17. A method of treating cancer, the method comprising administering a therapeutically effective amount of the antibody of claim 5 to a subject.

18. A method of screening agents, the method comprising contacting the protein of claim 1 or a cell that expresses the protein with an agent, and assaying for whether the agent binds to the protein or modulates the function, activity, or expression of the protein.

19. A composition comprising the agent identified by the method of claim 18 and a pharmaceutically acceptable carrier.

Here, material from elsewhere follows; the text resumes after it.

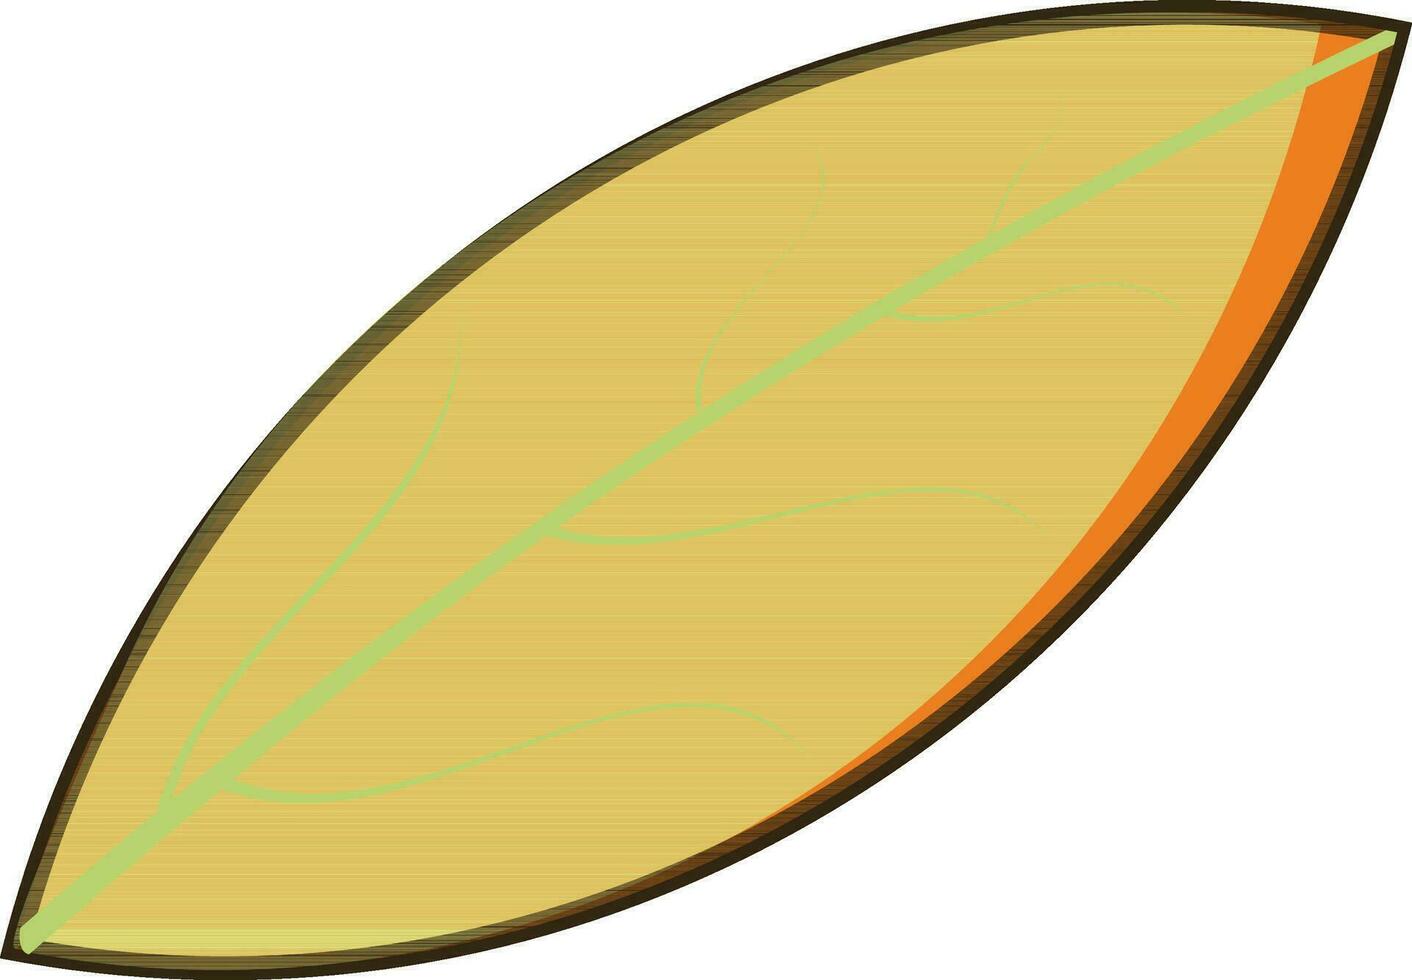 grünes Blatt auf weißem Hintergrund. vektor

20. A method of determining or predicting the effectiveness of a treatment or selecting a treatment for administration to a subject having cancer, the method comprising detecting the presence, abundance, or activity of the protein of claim 1 in a sample and determining or predicting the effectiveness of the treatment or selecting the treatment for administration based on the presence, abundance, or activity of the protein.